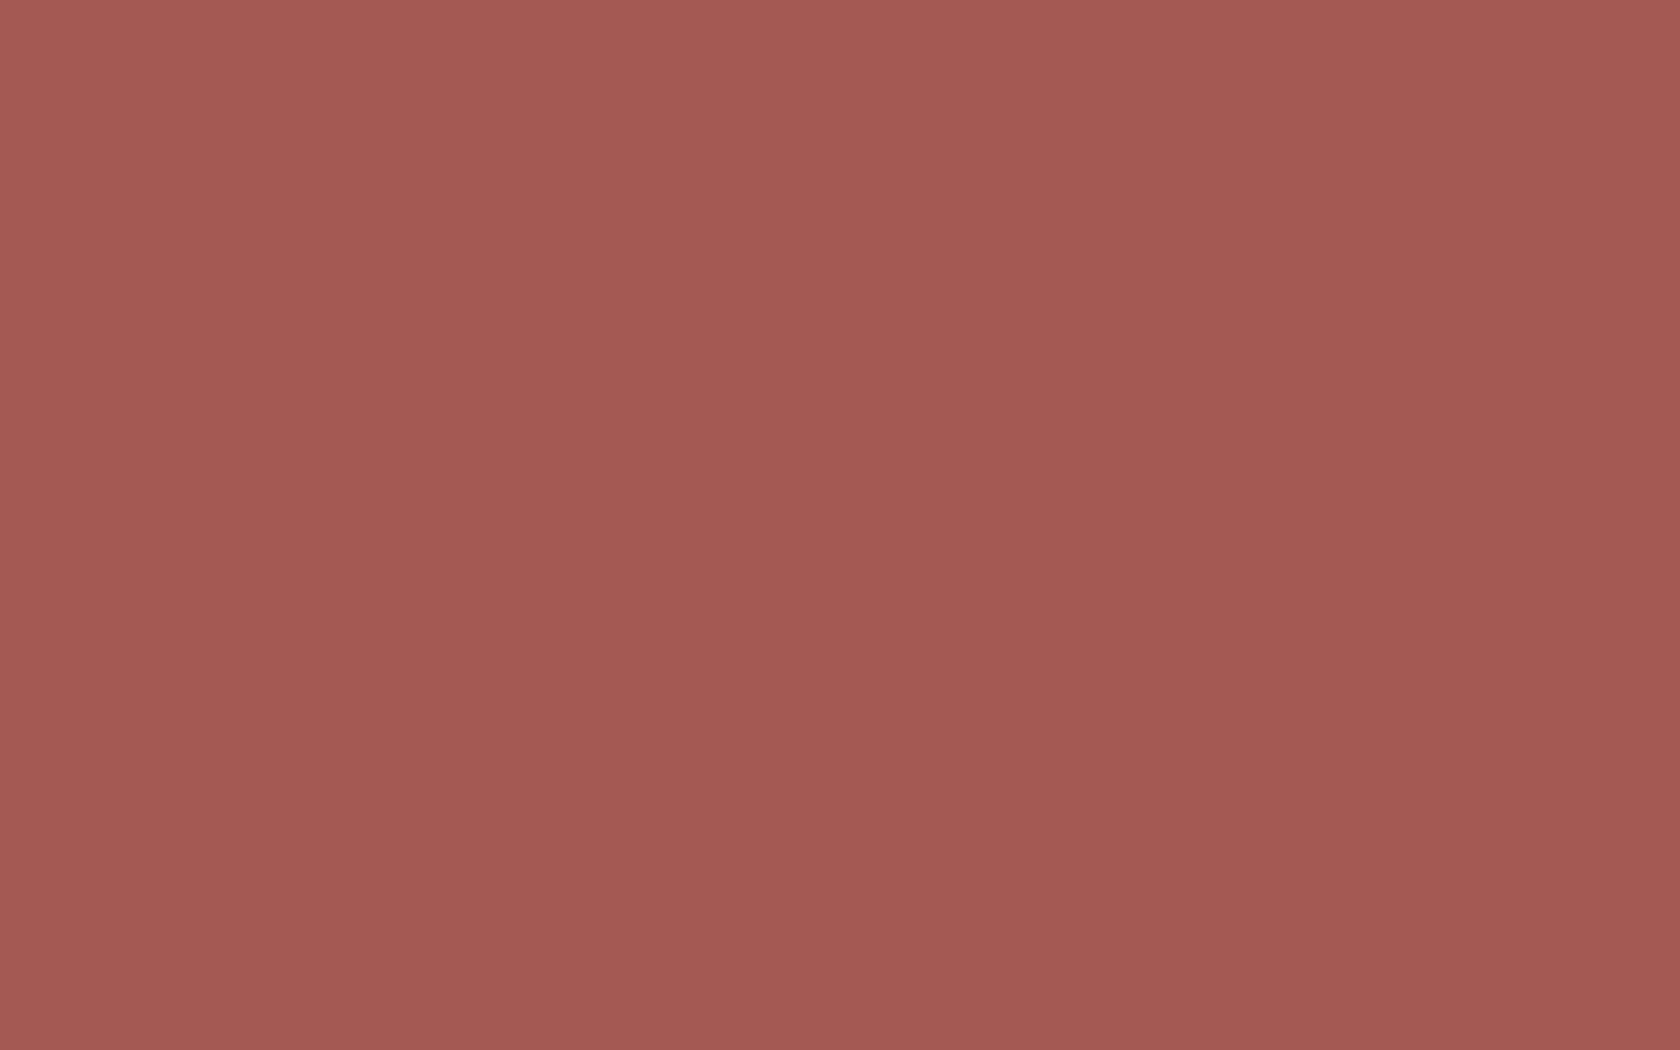 1680x1050 Redwood Solid Color Background
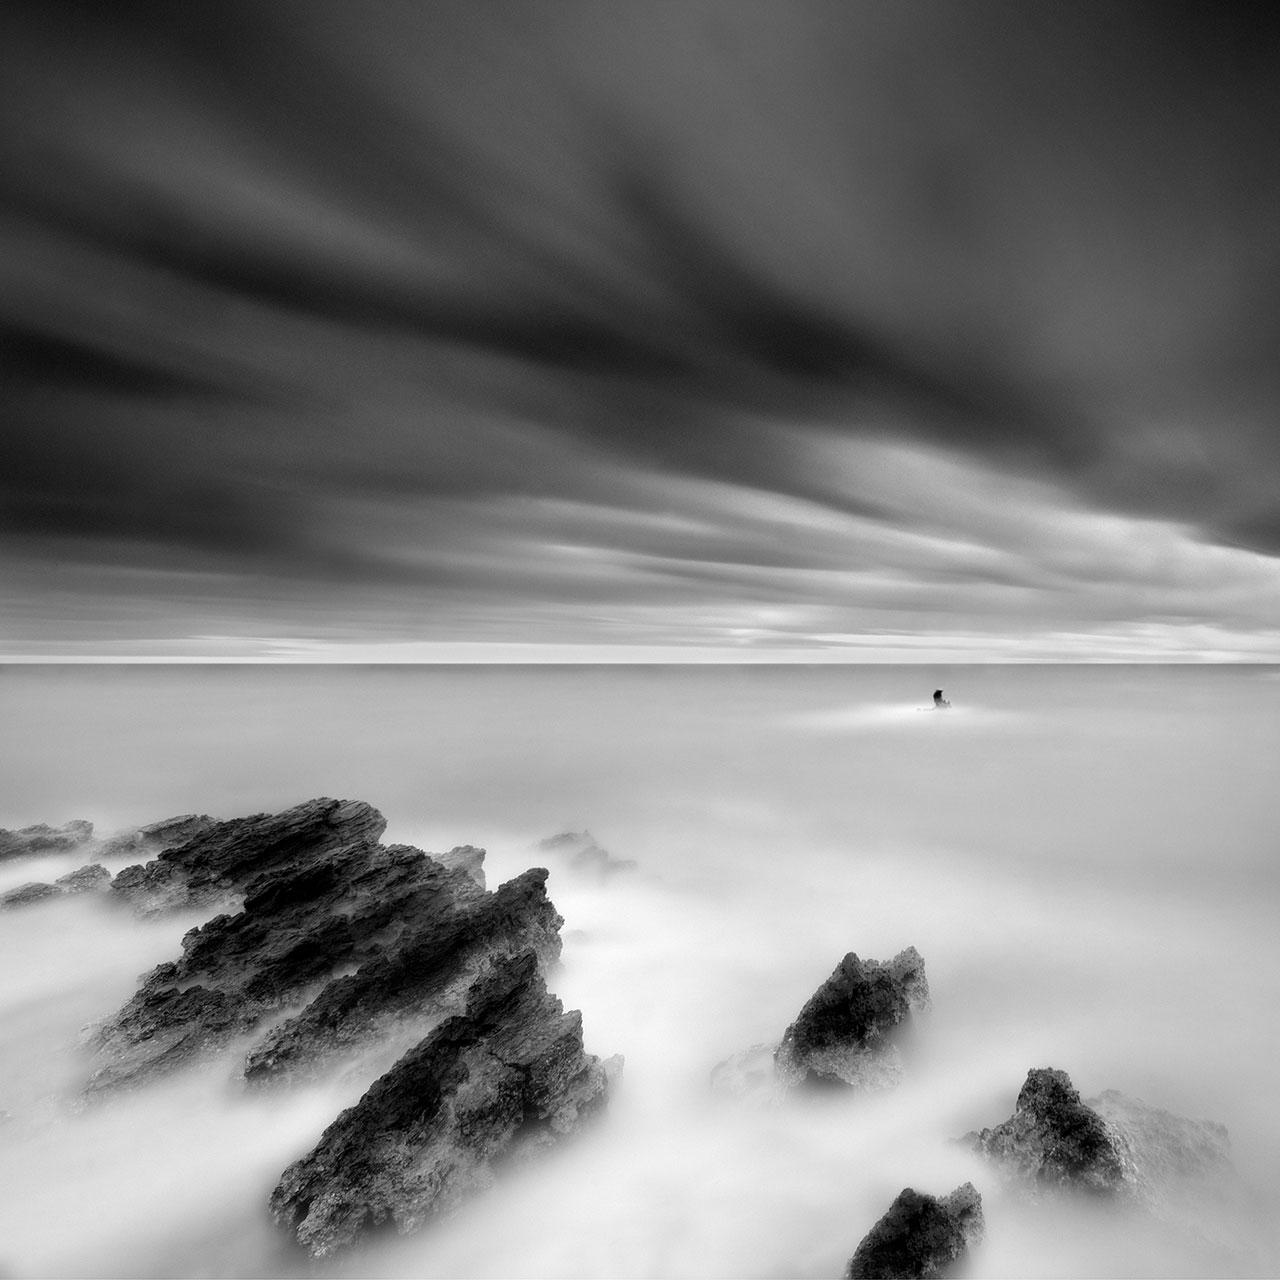 George Digalakis,Like a rolling stone. ©George Digalakis.
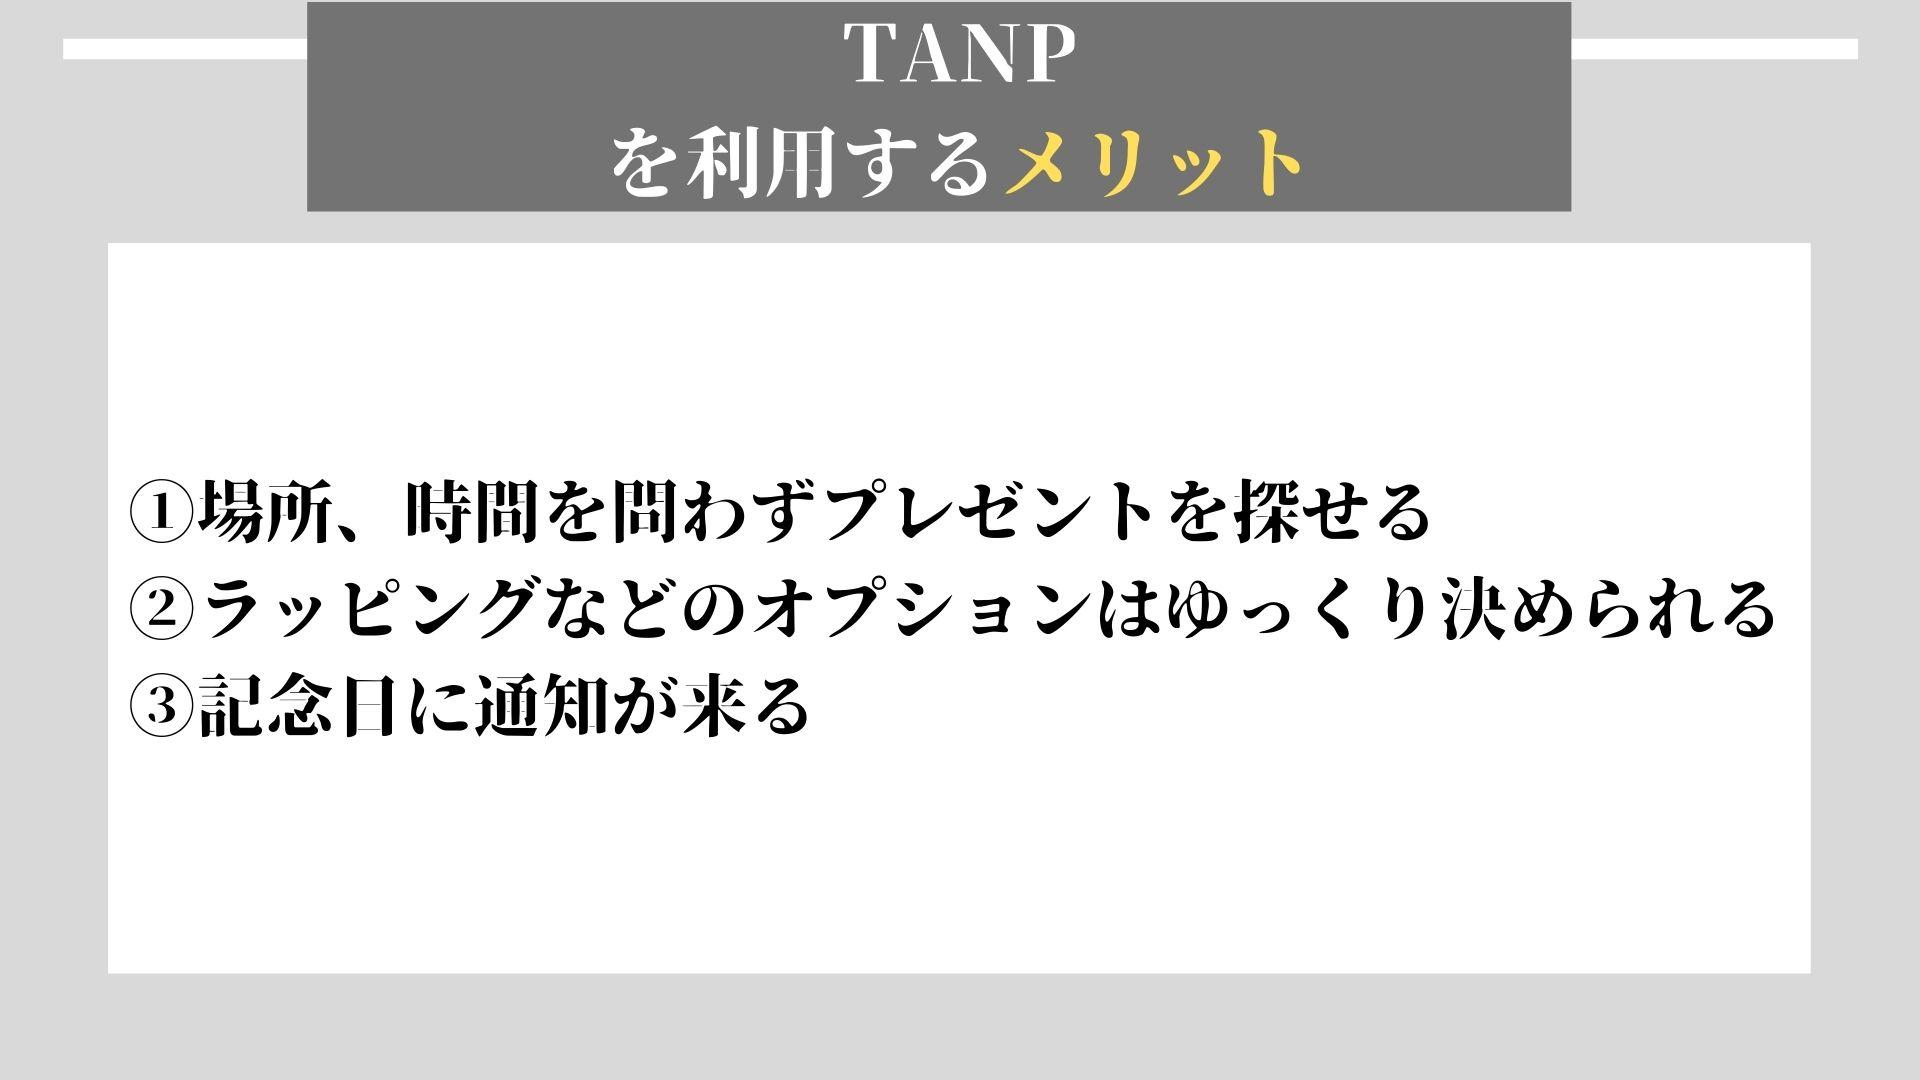 TANP メリット

=-=-=

**Goal of the exercise:** The whole listing above is to be printed again exactly; pictures stay out of it.

**Solution to this exercise:**
 1680x1050 Redwood Solid Color Background
 George Digalakis,Like a rolling stone. ©George Digalakis.
 TANP メリット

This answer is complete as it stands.